By the second day of the battle the Germans were resisting fiercely again, but the German commander, General Erich Ludendorff, called it "the black day of the German army". After that Germany did nothing but retreat, and the armistice was signed only three months later.
The Bolshevik Revolution took Russia out of the war in 1917, and Germany was able to shift half a million troops to western Europe.
For the first time it had numerical superiority over the British and French troops, and the great German offensives of spring 1918 tore the old Western Front apart.
But the German offensives ran out of steam without permanently splitting the French and British armies, and the war might have ended there — in a draw.
Everybody was exhausted by 1918, and half the French army had mutinied in 1917 and was still not fit for combat, while British divisions were down to half their strength. Only the Canadians and the Australians still had full-strength divisions (up to 25,000 men), and they were very experienced troops by 1918. That's why they spearheaded almost every attack in the "Hundred Days" offensive that ended the war.
But the real reason German morale collapsed was that 10,000 more American troops were landing in France every day.
That's the real history, and the result was a catastrophic defeat for Germany and a peace treaty so harsh that it laid the foundations for the rise of Adolf Hitler and a second — even worse — world war.
But change only one decision, and it could all have come out very differently. That decision was taken in January 1917.
At that point there seemed no way for Germany to beat the far larger numbers of its enemies on the battlefield, and a German admiral persuaded the government to launch unrestricted submarine attacks on ships bringing supplies to Britain — including ships of neutral countries like the United States.
That would bring America into the war, of course, but the admiral promised that Britain would be starved into making peace long before any American troops reached Europe.
He was wrong — Britain didn't starve, and the United States declared war on Germany in April 1917. By mid-1918, US troops were flooding into France, and the game was up.
Timing is everything. The Russian revolution happened just after Germany decided on unrestricted submarine warfare — if that decision had been delayed by only two months, Berlin would have known that Russia was probably going to leave the war and they would never have taken the desperate gamble that the admiral was urging on them.
The German U-boats would never have sunk American ships, the US would have stayed out of the war ... and Germany might have won in 1918.
That would have been a good thing, because Germany would not have won a huge, decisive victory. It would just have won on points: "Okay, our spring offensives didn't succeed, but our troops are standing up to your counter-offensive (no masses of American troops to demoralise them). So maybe we should all just quit and go home."
There would have been no "peace" treaty like Versailles that heaped all the blame for the war on one side and made the losers pay the entire cost of it ("reparations").
Germany would presumably have got its colonies back, but no territory would have changed hands in western Europe. And there probably would not have been World War II.

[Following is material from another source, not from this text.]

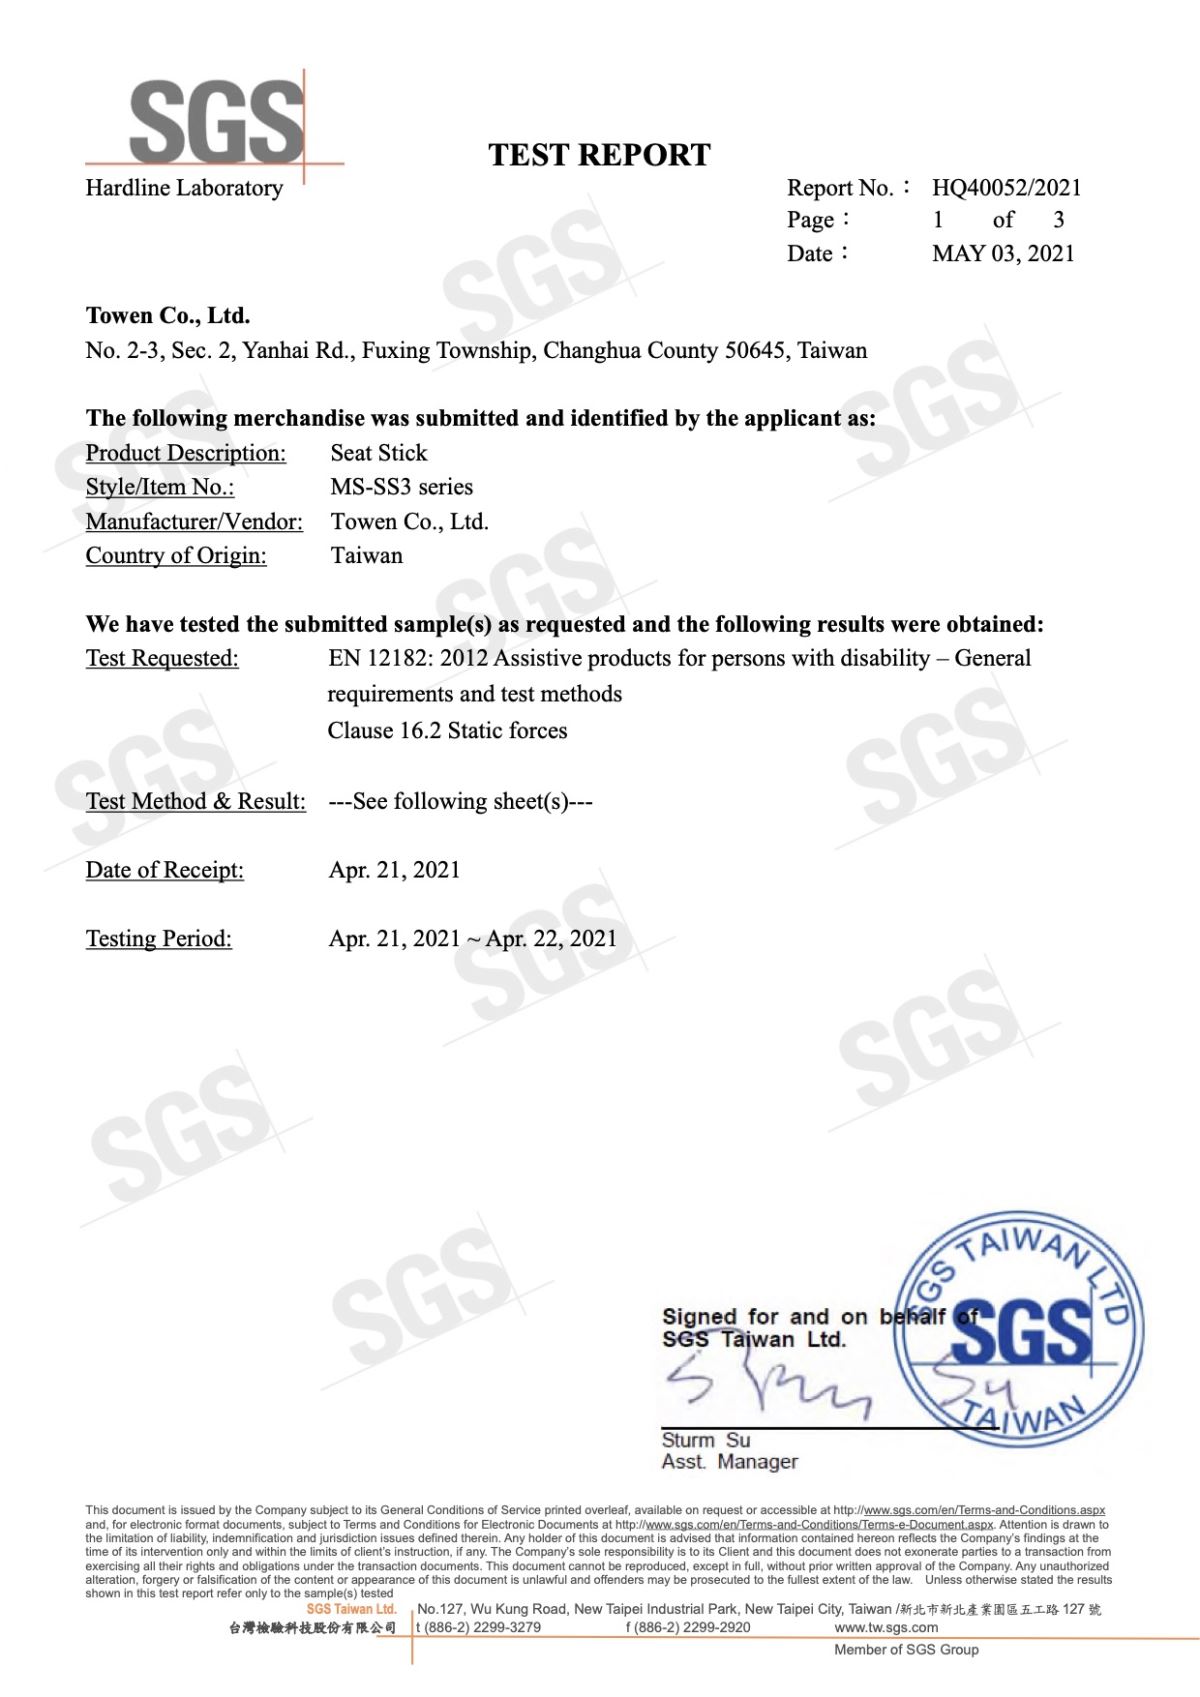 load test report by SGS

Hitler came to power because Germany was punished so severely for a "war guilt" that was really a shared responsibility.
A "no-score draw", by contrast, could have focused people's attention more sharply on the basic lunacy of an international system that fostered such wars.
By the turn of a coin we got the 20th century that's in the history books, instead.
Too bad ... it's hard to think of a different 20th century that would have been worse.